Open jamezpolley opened 5 years ago
(repeating comment from #1196)
I've created a very small test "scraper" that doesn't actually scrape, it just checks that mitmproxy is returning a certificate that the system is trusting.
https://morph.io/jamezpolley/ssl_test
Decoded, the CA cert there is:
Issuer: CN = mitmproxy, O = mitmproxy
Validity
Not Before: Mar 30 19:35:55 2018 GMT
Not After : Mar 31 19:35:55 2021 GMT
Subject: CN = mitmproxy, O = mitmproxy
and the certificate for www.yahoo.com is:
Issuer: CN = mitmproxy, O = mitmproxy
Validity
Not Before: Jan 29 05:48:08 2019 GMT
Not After : Jan 30 05:48:08 2024 GMT
Subject: CN = *.www.yahoo.com
X509v3 extensions:
X509v3 Subject Alternative Name:
DNS:*.www.yahoo.com, DNS:add.my.yahoo.com, DNS:*.amp.yimg.com, DNS:au.yahoo.com, DNS:be.yahoo.com, DNS:br.yahoo.com, DNS:ca.my.yahoo.com, DNS:ca.rogers.yahoo.com, DNS:ca.yahoo.com, DNS:ddl.fp.yahoo.com, DNS:de.yahoo.com, DNS:en-maktoob.yahoo.com, DNS:espanol.yahoo.com, DNS:es.yahoo.com, DNS:fr-be.yahoo.com, DNS:fr-ca.rogers.yahoo.com, DNS:frontier.yahoo.com, DNS:fr.yahoo.com, DNS:gr.yahoo.com, DNS:hk.yahoo.com, DNS:hsrd.yahoo.com, DNS:ideanetsetter.yahoo.com, DNS:id.yahoo.com, DNS:ie.yahoo.com, DNS:in.yahoo.com, DNS:it.yahoo.com, DNS:maktoob.yahoo.com, DNS:malaysia.yahoo.com, DNS:mbp.yimg.com, DNS:my.yahoo.com, DNS:nz.yahoo.com, DNS:ph.yahoo.com, DNS:qc.yahoo.com, DNS:ro.yahoo.com, DNS:se.yahoo.com, DNS:sg.yahoo.com, DNS:tw.yahoo.com, DNS:uk.yahoo.com, DNS:us.yahoo.com, DNS:verizon.yahoo.com, DNS:vn.yahoo.com, DNS:www.yahoo.com, DNS:yahoo.com, DNS:za.yahoo.com, DNS:106.10.250.10
So I don't think it's related to https://help.morph.io/t/certificate-verify-failed/338 (because I'm seeing MITMProxy serving the certificate okay)
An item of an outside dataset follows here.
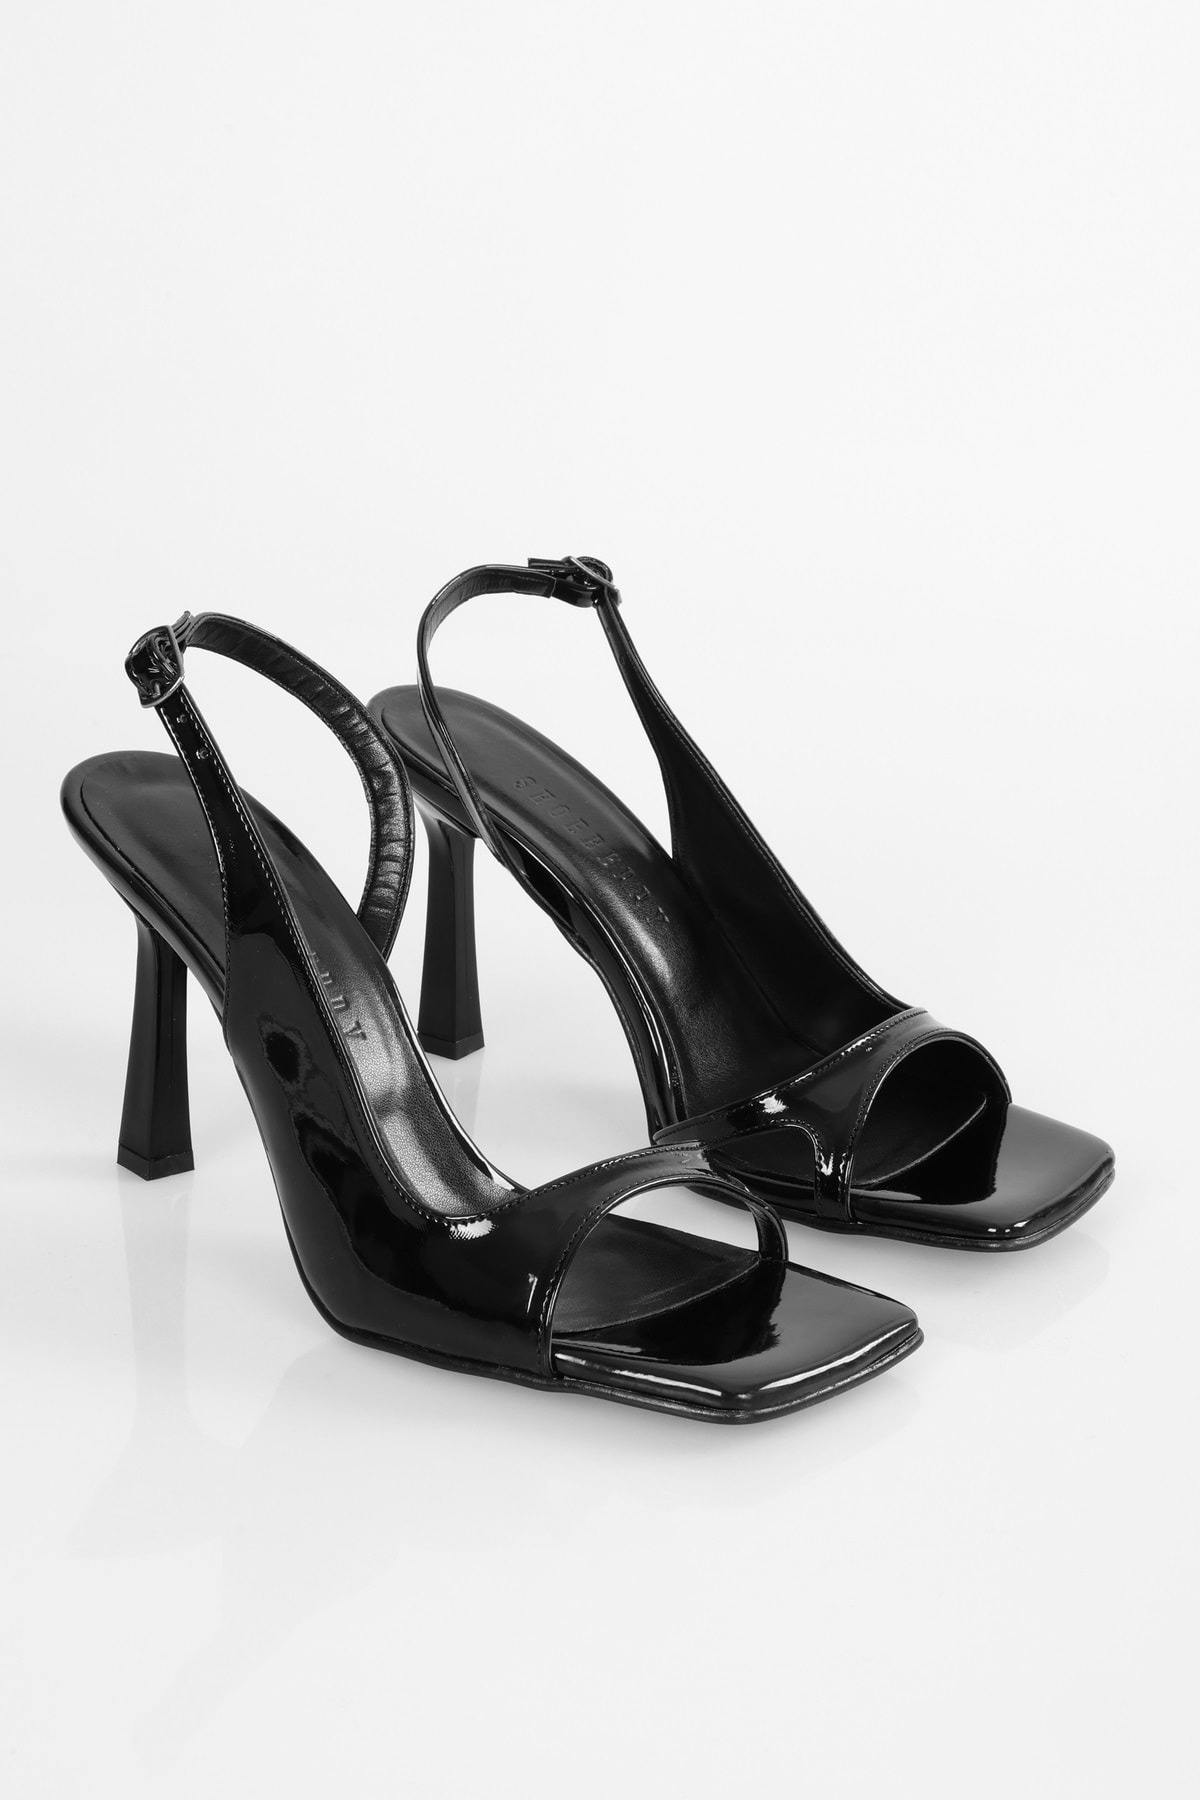 Shoeberry Women's Tobian Black Patent Leather Heeled Shoes
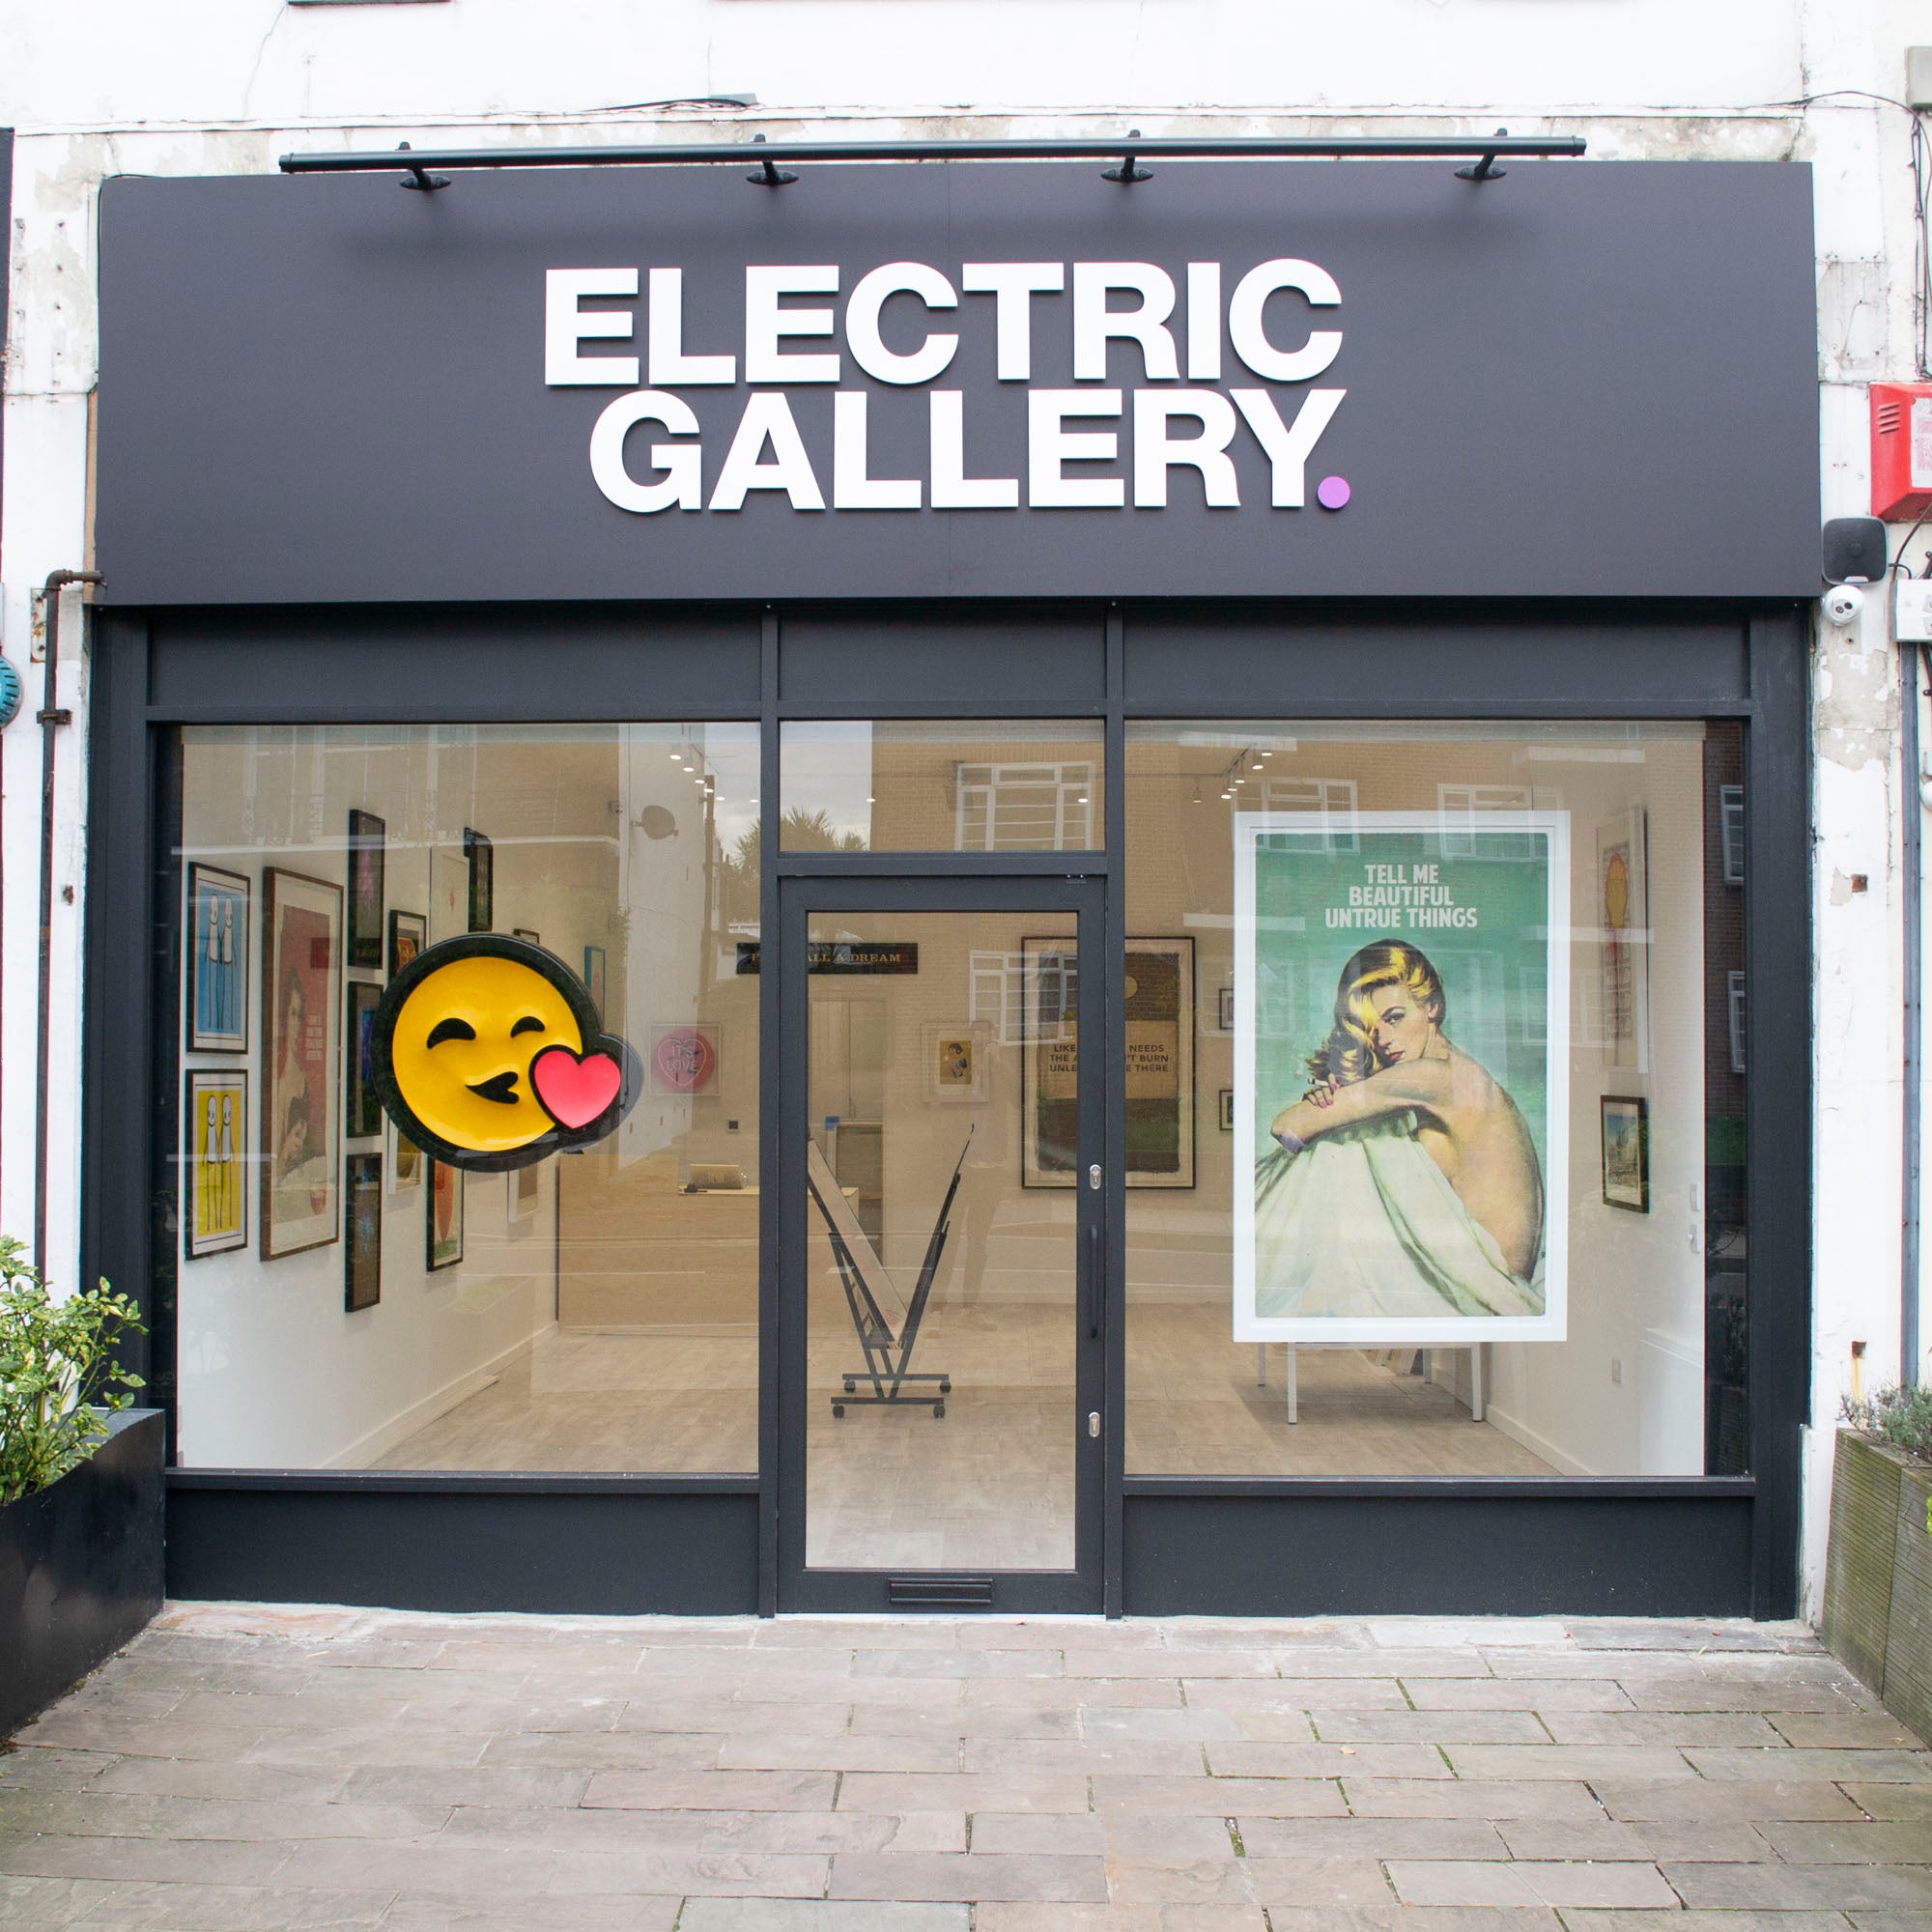 Electric Gallery, London E18 2QL

https://morph.io/wfdd/inatsisartut-scraper seems to be running okay, but that might be because it's reporting that PhantomJS isn't supported rather than doing anything useful:
/app/.heroku/python/lib/python3.6/site-packages/selenium/webdriver/phantomjs/webdriver.py:49: UserWarning: Selenium support for PhantomJS has been deprecated, please use headless versions of Chrome or Firefox instead
warnings.warn('Selenium support for PhantomJS has been deprecated, please use headless '
https://morph.io/andylolz/example_ruby_chrome_headless_scraper is still failing, with errors from selenium webdriver
I'm wondering if the error might be related to webdriver - that would explain why both python and ruby interfaces to it are broken. It seems like upgrading the version and changing the samples to not use phantomJS might be useful.
The error is unlikely to be related to the web driver as it's also happening in pure Python - see https://morph.io/wfdd/test-scraper.
https://morph.io/wfdd/inatsisartut-scraper seems to be running okay, but that might be because it's reporting that PhantomJS isn't supported rather than doing anything useful:
It's doing nothing because it's receiving a blank page in response. Also, it's reporting that Phantom JS support is deprecated (i.e. it still works).
Testing your faux scraper with ina.gl openssl
can't find a certificate for it even when using SNI: https://morph.io/wfdd/ssl_test. The same appears to be true for other domain names that've been plagued by this issue.
I think a bunch of different errors are getting bundled into this ticket, so can we take a step back for a moment.
As per this comment, I only mentioned https://morph.io/wfdd/inatsisartut-scraper because back in Sept 2018 (when these errors started, following this update) that scraper used chrome headless. In Oct 2018, wfdd/inatsisartut-scraper switched to use phantomJS. So any errors reported on that scraper since Oct 2018 are probably not relevant to this ticket, which is specifically about chrome headless.
Similarly, https://morph.io/wfdd/test-scraper and https://morph.io/wfdd/ssl_test are not using chrome headless, so I guess any errors with those scrapers belong in a new ticket.
So specifically on the error in this ticket…
I'm wondering if the error might be related to webdriver - that would explain why both python and ruby interfaces to it are broken
^^ Yes – this sounds correct to me.
It seems like upgrading the version and changing the samples to not use phantomJS might be useful.
I’m not sure I follow. https://morph.io/andylolz/example_ruby_chrome_headless_scraper doesn’t use phantomJS.
Thanks @wfdd and @andylolz
I'm able to use @wfdd's version of the script to reproduce the problem on my dev instance,
Copied from help.morph.io
A scraper of mine seems to have broken at the same time as this update :frowning:
It fails with a:
It’s using chromedriver in python, as described here: https://morph.io/documentation/scraping_javascript_sites 1
The examples on the docs page above also seem to have broken at the same time, e.g.: https://morph.io/wfdd/inatsisartut-scraper/history
I just tried re-running the really basic example, and that broke in the same way: https://morph.io/andylolz/example_ruby_chrome_headless_scraper
So all this seems to suggest it’s related to this update. What can be done to get this working again? Thanks!